The dwarf shrugs, drains his mug in one go, and wipes his mouth on the back of his hand. “Wanna go upstairs?”

I blink. “That was subtle.”

“I’ve got coin.”

I sigh. Loud and theatrical. “Fine.”

He raises a brow. I cut him off with a finger pointed like a dagger.

“But no foot job this time.”

He looks vaguely wounded. “It was culturally significant.”

“It was weird,” I say, standing. “And I got a cramp in my arch. I’m not flexing like that again unless there’s gold leaf involved.”

He stands too, groaning slightly as his back pops. “I’ll throw in a honey cake.”

I pause.

“…One with dates?”

“Two.”

I nod solemnly. “Deal.”

We head up the stairs like condemned prisoners, except one of us is already half-hard and the other is just tired of thinking.

***

The ceiling had a crack shaped like a rude gesture. I lay there, naked, sweaty, sprawled across scratchy linen like a well-used deity, and seriously considering theft of at least one pillow. Maybe the blanket too.

The dwarf sits at the edge of the bed, bare-assed and hairy, stuffing tobacco into his pipe with all the ceremony of a monk lighting incense. He strikes the match. Puff. Slow exhale. That musky, spicy scent coils through the air.

“You’re my favorite harlot,” he says, “you know that.”

I stretch like a cat with no shame. “Pleasure doing business with me,” I purr, swiping the pipe and taking a drag. Burns like bad karma. Perfect.

He chuckles, rough and warm. “But seriously, girl.” Another puff. “Stick to that reptile of yours.”

I blink. “You mean the actual dragon?”

He nods, dead serious now. “He’s a keeper.”

I exhale a ribbon of smoke and stare at the ceiling crack again.

“…That’s the most romantic thing anyone’s said to me all month.”

He snorts. “Gods help you if that’s your bar.”
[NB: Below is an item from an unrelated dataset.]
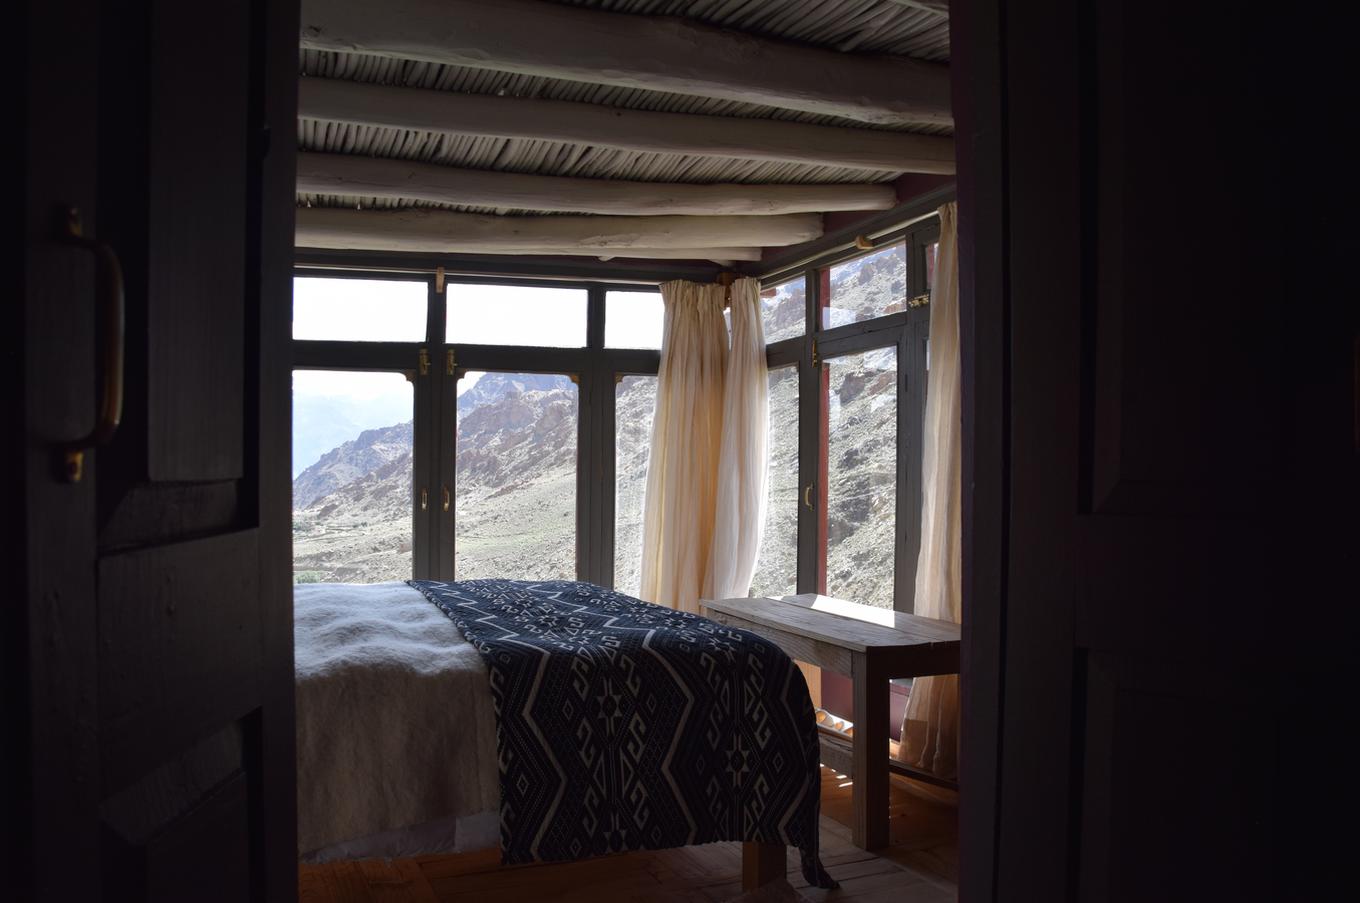 viaje lujo remoto Ladakh India shakti

“It is,” I say, passing the pipe back. “Somewhere between ‘nice tits’ and ‘I’ll pay extra if you pretend to be my dead wife.’”

He coughs. “That last one real?”

“Real enough,” I mutter, rolling onto my side, letting the sheet drape just so. “He tipped well. And cried after.”

“Men are a tragedy.”

“You’re included.”

“I'm the comic relief,” he says smugly.

I grin. “You’re the punchline.”

He puffs, unfazed. “Still. That dragon of yours. I’ve seen the way he looks at you when you’re not looking.”
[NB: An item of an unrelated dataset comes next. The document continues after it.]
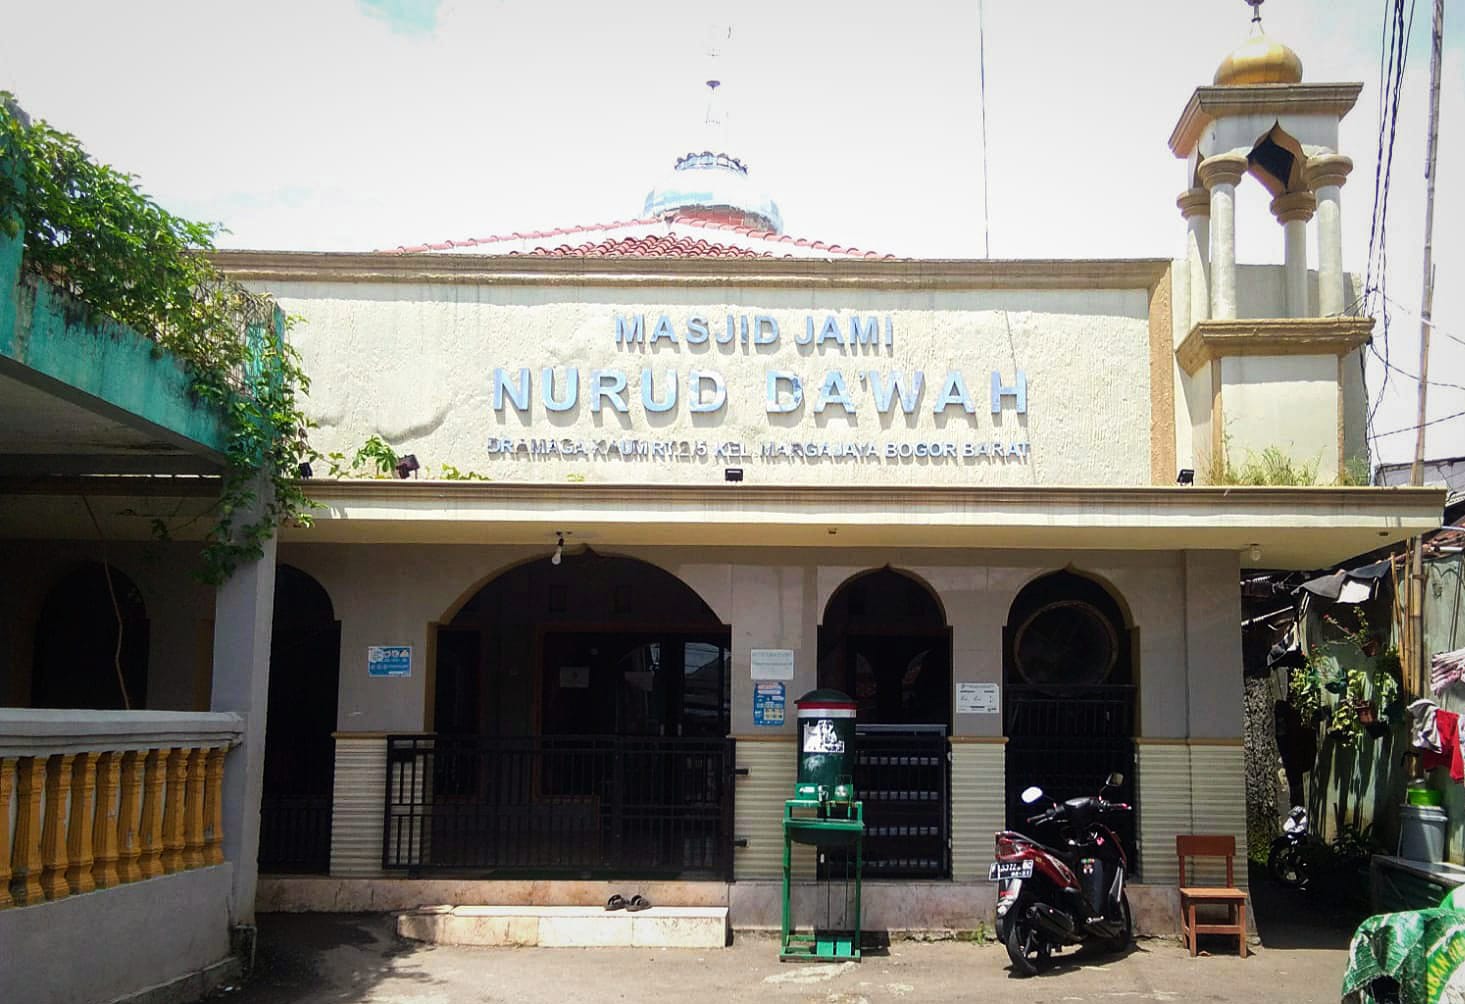 Salah satu masjid tertua di Kelurahan Margajaya, Kecamatan Bogor Barat, Kota Bogor peninggalan zaman Belanda. (Yudha Prananda / Jabar Ekspres)

I freeze, just for a breath. Then scoff. “He looks at everyone like they’re a badly written tax law.”

“Nah,” he says. “He looks at you like he’s already memorized every line and still can’t make sense of it.”

I hate how quiet that makes me.

He keeps talking. “You make him nervous. That’s rare for creatures with a death toll.”

I reach for the cup of half-warm ale, sip, then say too casually, “He still thinks I’m gonna leave.”

“Well,” the dwarf says, tamping down the pipe with a calloused thumb, “aren’t you?”

I don’t answer. Because I don’t know. Because it’s complicated. Because my answer changes every godsdamn morning.

He nods like that silence says everything.

We sit there, him smoking, me pretending not to care, while the room fills with pipe smoke and the echo of things I won’t say.